映画の最後は源十郎がどこからともなく聞こえてくる妻の声に励まされながら、焼物を焼いて遺された子供と暮らし、侍になりたかった義弟も心を改めて農業に取り組むところで終わります。

この映画はヴェネチア国際映画祭で銀獅子賞を受賞しました。美しい死霊若狭を演じたのが、この映画より3年前「羅生門」で侍の妻真砂を演じた京マチ子でした。「羅生門」は黒澤明の監督作品、こちらはヴェネチア国際映画祭でグランプリを受賞しました。

昭和25年とか、28年とかいったら、敗戦後の日本が朝鮮戦争の特需で息を吹き返しつつあった頃でしたが、まだまだ貧しかったです。私は10代、華やかなことなどあまりない時代でしたから映画の受賞はずい分話題になりました。

当時私は映画館になど行きませんでしたので、映画を見たのはビデオやDVDが普及してからでした。

「羅生門」と「雨月物語」両者を比べると、見ごたえはやはり「羅生門」の方があるように思います。それは「羅生門」の原作芥川龍之介の「藪の中」が難解でいろいろな解釈が出来、それがずっしりした見ごたえになっているのでしょう。

「雨月物語」の怪異小説も凄みがあるのですが、映画の最後が改心した主人公のまっとうな暮らしで終わるので凄みは薄れたかも知れません。原作の「浅茅の宿」ではあばら家で目を覚まして妻の死を知るところで話は終わっています。

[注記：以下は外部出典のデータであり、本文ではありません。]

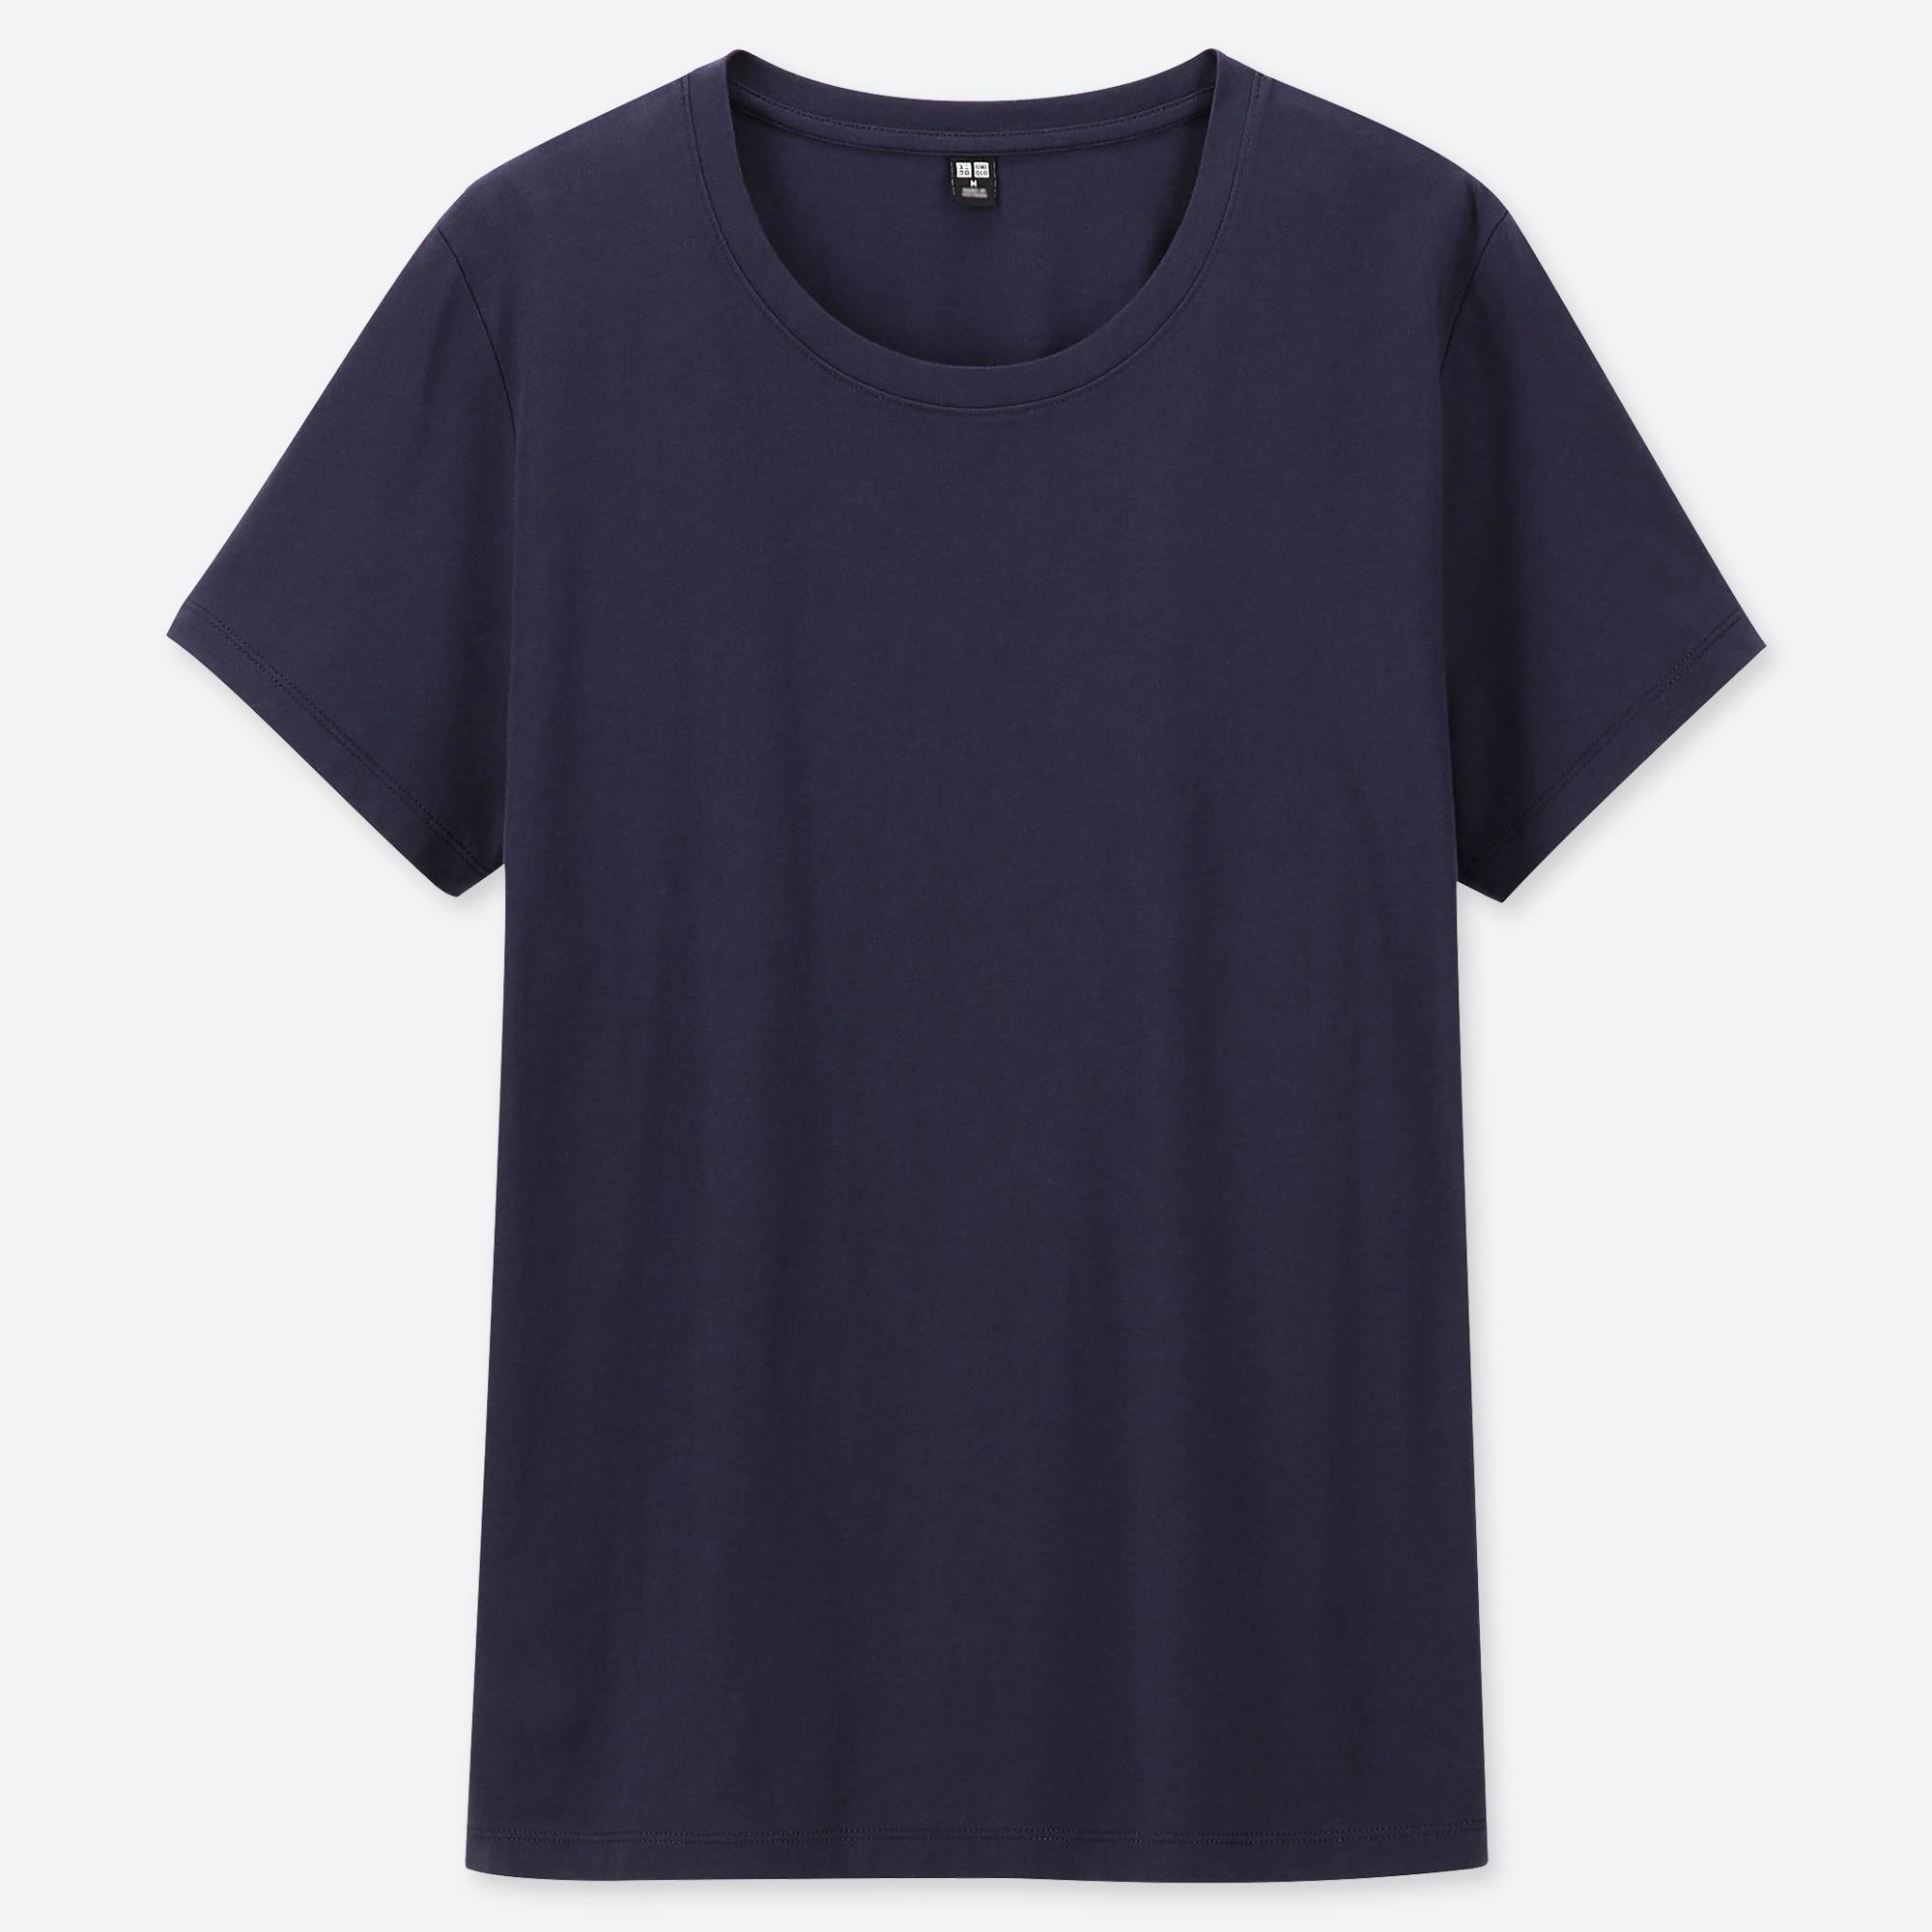 Women 100% Supima Cotton Crew Neck Short Sleeved T Shirt

あの時代の映画ですから勿論モノクロ、それがいい雰囲気を出しています。霧の琵琶湖を船で渡るところ、美しい死霊の若狭が今様(?)、能(?私はよく分からないのですが)を舞うところ、妖しい美しさに満ちています。

女優の京マチ子は当時現代劇でも活躍していました。私は映画は見ていなくて映画雑誌の写真を見るくらいでしたが、どちらかというと洋風の容姿だったのに、こういう時代劇でもぴったりはまるので感心しました。

半世紀前の映画ですが非常に楽しめました。